The Plaintiff also alleged that there was a conspiracy to retaliate against him. To prove a conspiracy, the Plaintiff must prove an actual deprivation of a constitutional right. Slavin v. Curry, 574 F.2d 1256, 1261 (5th Cir. 1978); Villanueva v. McInnis, 723 F.2d 414, 418 (5th Cir. 1984). See also Pfannstiel v. City of Marion, 918 F.2d 1178, 1183 (5th Cir. 1990). He failed to do so.
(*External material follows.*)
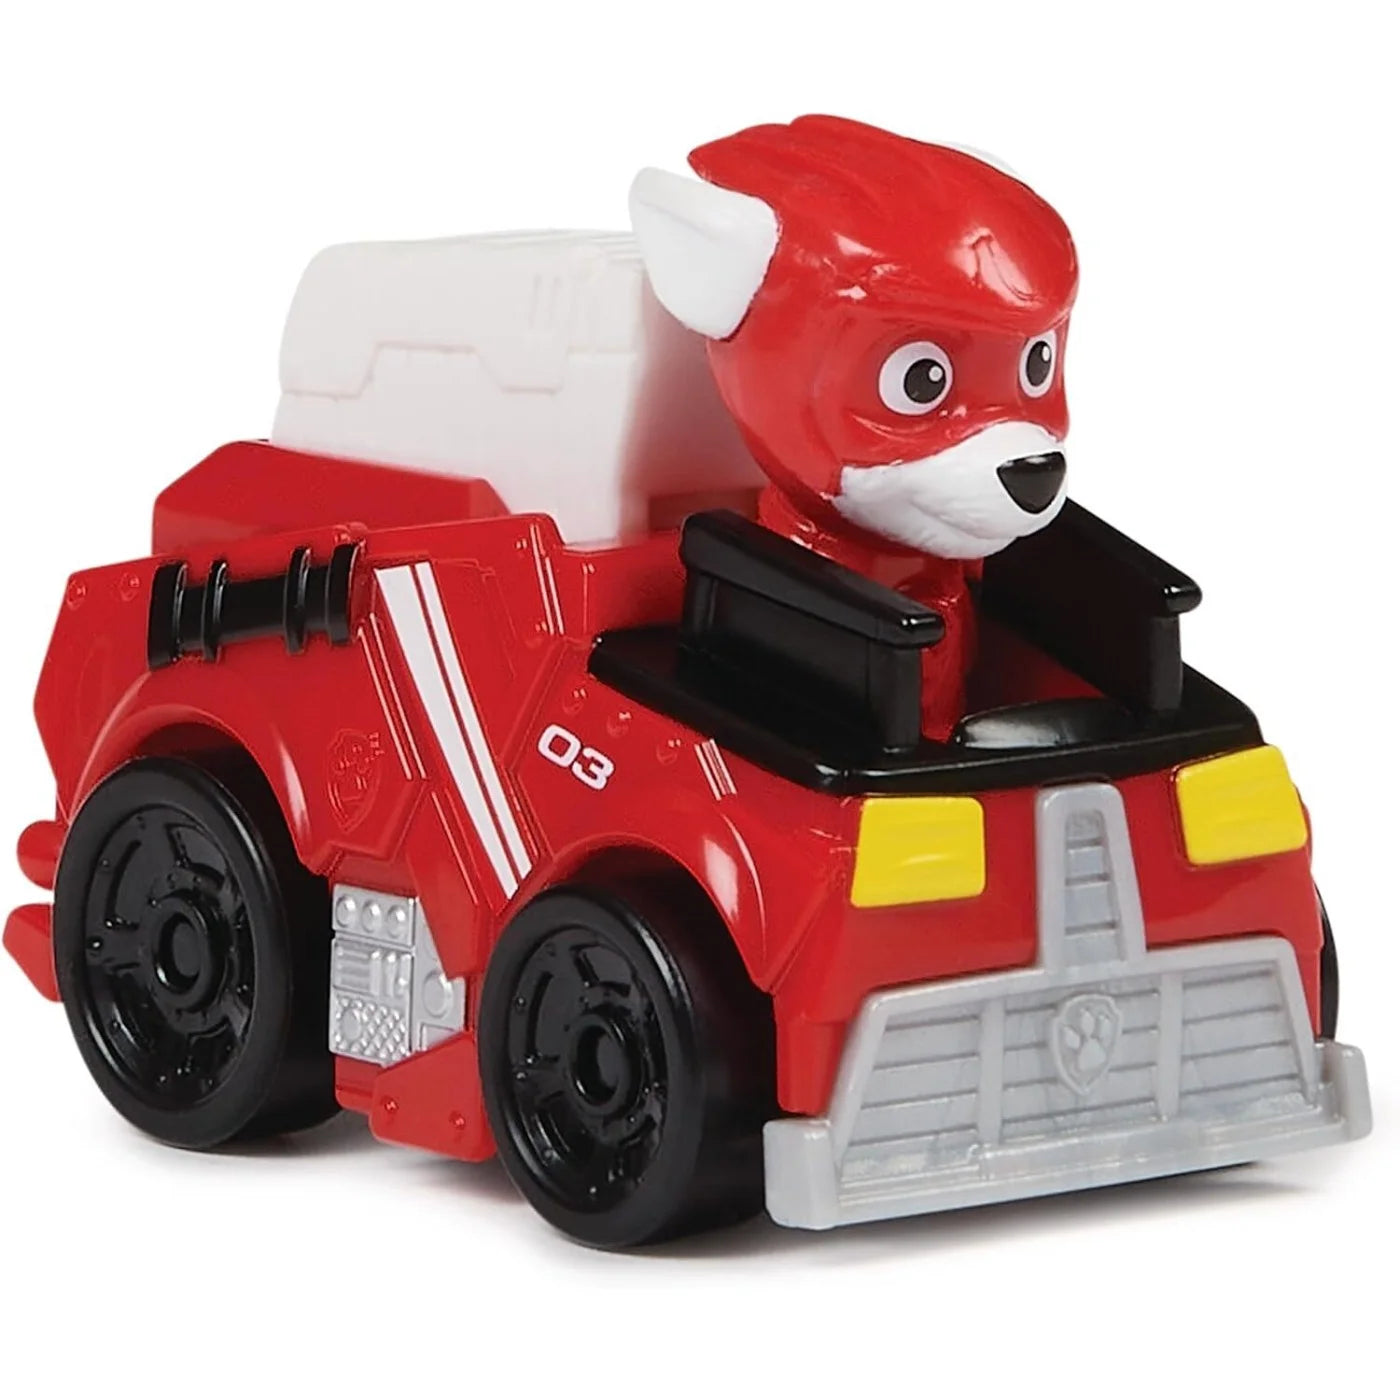 Paw Patrol Movie 2 Pup Squad Racers Assorted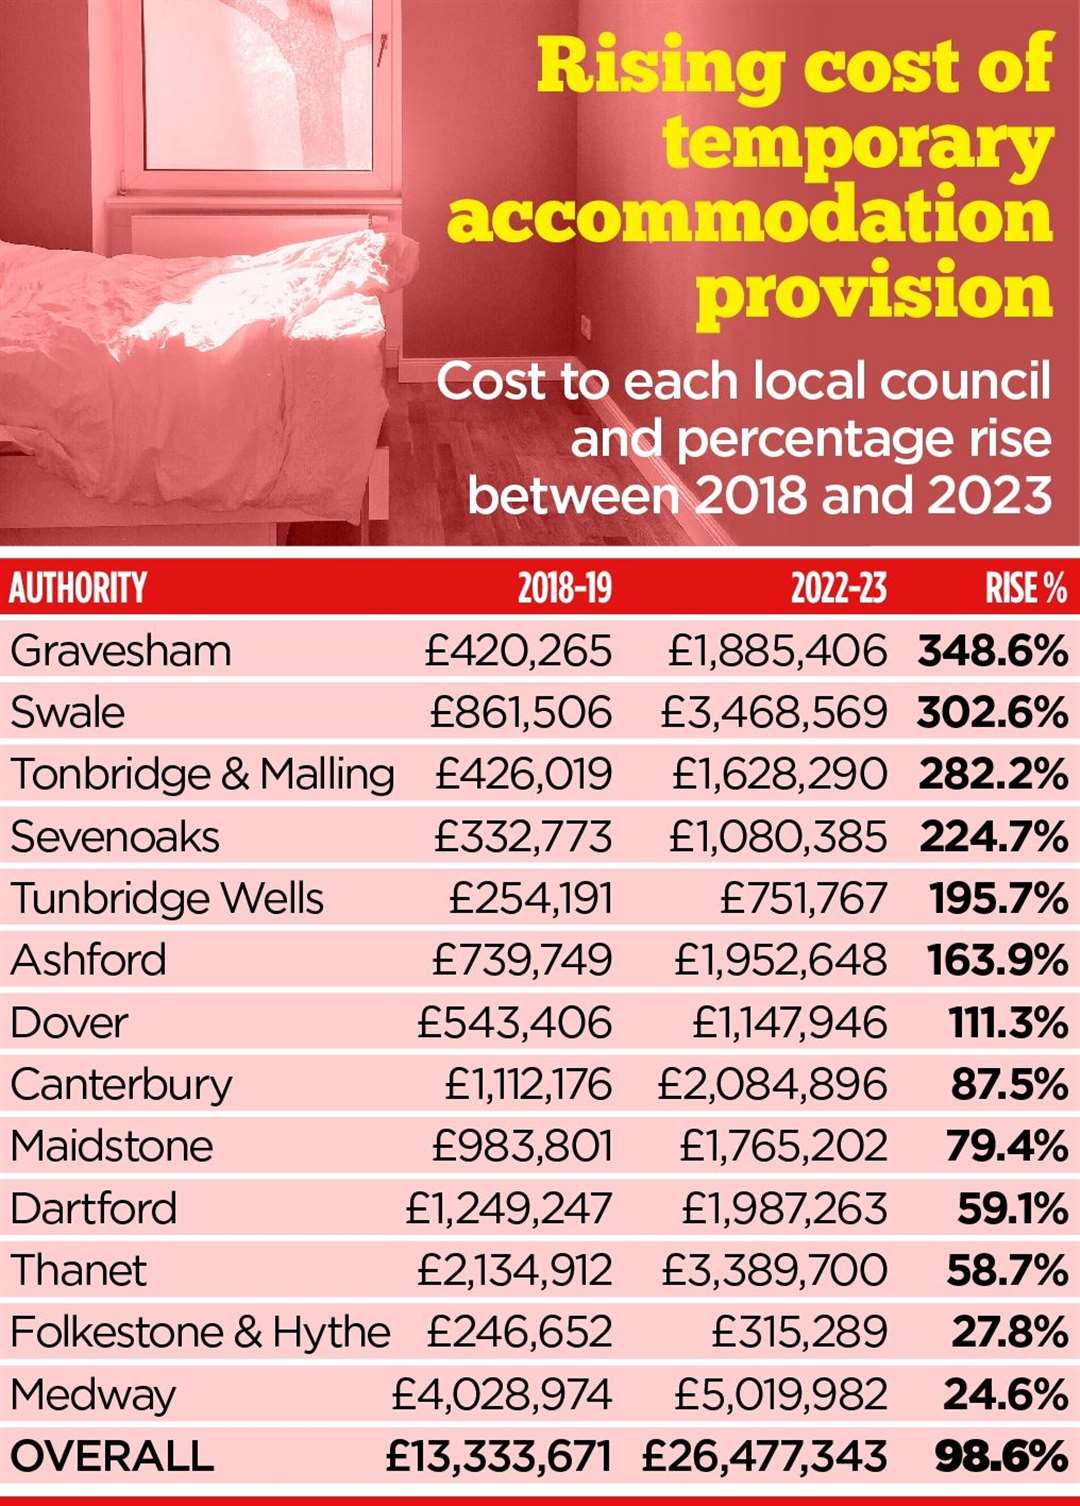 A graphic showing each Kent council's spending on temporary accommodation in 2018-19 and 2022-23

Finally, the case should be dismissed because the Plaintiff has not shown harm. Fundamental to any civil rights case, a plaintiff must show an injury as a prerequisite to recovery under § 1983. McCord v. Maggio, 927 F.2d 844, 849 (5th Cir. 1991). See also Crowder v. Sinyard, 884 F.2d 804, 812 n. 8 (5th Cir. 1989), cert. denied, 496 U.S. 924 (1990). Thus the facts alleged by the Plaintiff do not provide a basis for a potentially meritorious civil rights lawsuit. The facts as alleged fail to state a claim upon which relief may be granted.
Returning to the Defendants' argument that the case should be dismissed based on qualified immunity, the Plaintiff has not satisfied the first prong requiring a showing of a violation of a clearly established constitutional right. He likewise failed to show that the Defendants' conduct was objectively unreasonable under existing clearly established law. He has not shown that the Defendants are not entitled to have the claims against them dismissed based upon qualified immunity. Consequently, the motion to dismiss should be granted. It is accordingly
ORDERED that the motions to dismiss (docket entry numbers 12 and 20) are GRANTED. It is further
ORDERED that the complaint is DISMISSED with prejudice. It is finally
ORDERED that all motions not previously ruled on are DENIED.